Sat there, not smoking, in the hookah shop. Listened as the Arabic expressions were said. Said "In English!" a dozen times while our mutual friend was in the bathroom. Kept our distance, despite obvious chemistry. I could see her attributes showing behind the false denim jacket, and her eyes just bugged out at me with exactly what I like. And she tossed her hair around like she didn't care. This only increased with time.

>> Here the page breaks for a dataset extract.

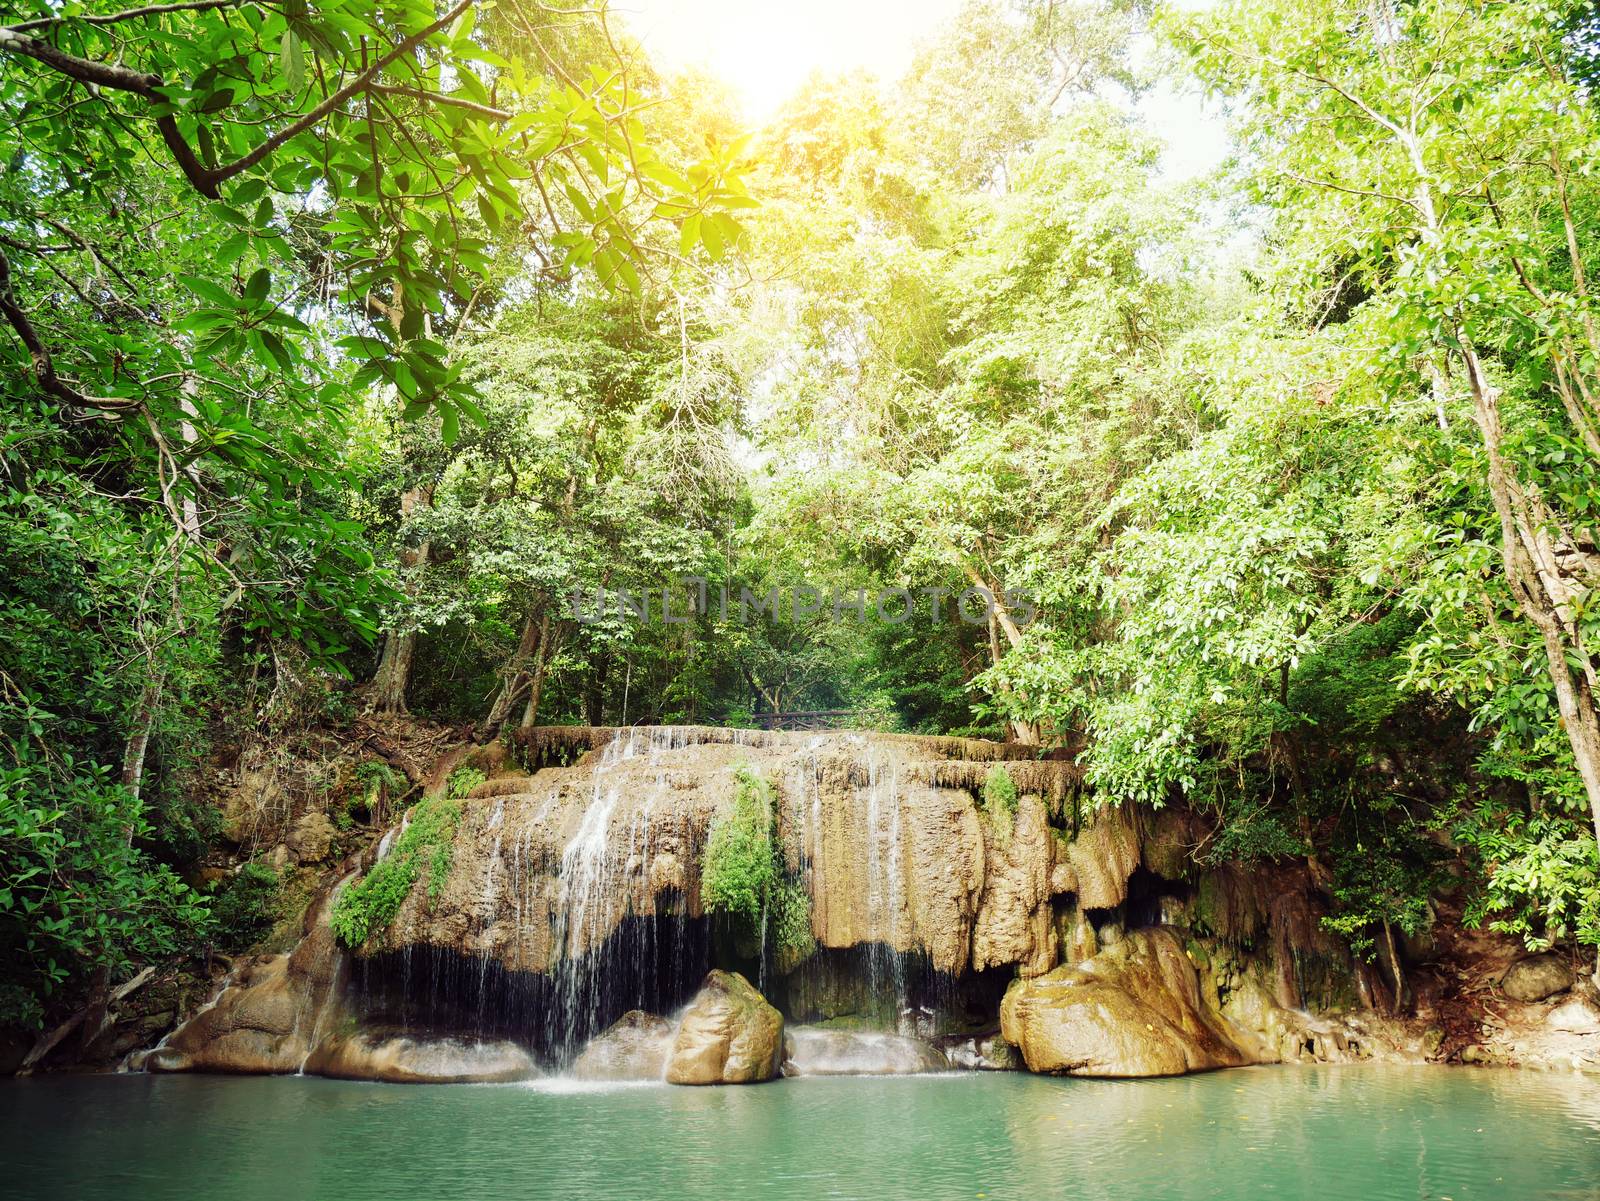 Landscape photo, Erawan Waterfall, beautiful famous waterfall in rain forest at Kanchanaburi province, Thailand by asiandelight

The martini bar. Globes and rare drinks. I didn't offer the girl my cherries. I felt she had enough, and she was married. My mistake. Even when you know she's leaving with her friends and nothing could possibly happen with the six-foot-five underage dude your friend's friend invited, who somehow wound up with his arms around her when these should've been yours, when someone else has his arms around both available and unavailable women in your party, and you're leaving by yourself to go home and write this entry, it's still a shock. How did you play the butter shots wrong? How did you miss the transition between someone you had sympatico with, 80's music with, flirtation with, robot dancing and proximity with? And the answer's of course that nothing was going to happen, and you were always going home alone. And the answer is this is the way you will always go home, that you fundamentally miss your opportunities with the wrong women as much as the right ones, and that there's no way you're going home with anyone who you'd want to go home with, that you've rejected people in those clubs just as now you're being rejected by their complements, and that one way or another, someone's morals are always superior to wishes and attractions and inappropriate slaps on the ass given by the underaged and accepted graciously by the Saturn return women with kids and a husband waiting contentedly, bemusedly at home.

Yes, you're going home but not to that one. You're going home to the dog, the early rising for photoshoots, the stopping for coffee and dissassembling and reassembling of equipment for unthought-out weekends full of not what you just thought you could have touched. That touching, that surprise, was never yours and you should just put it out of your starving mind.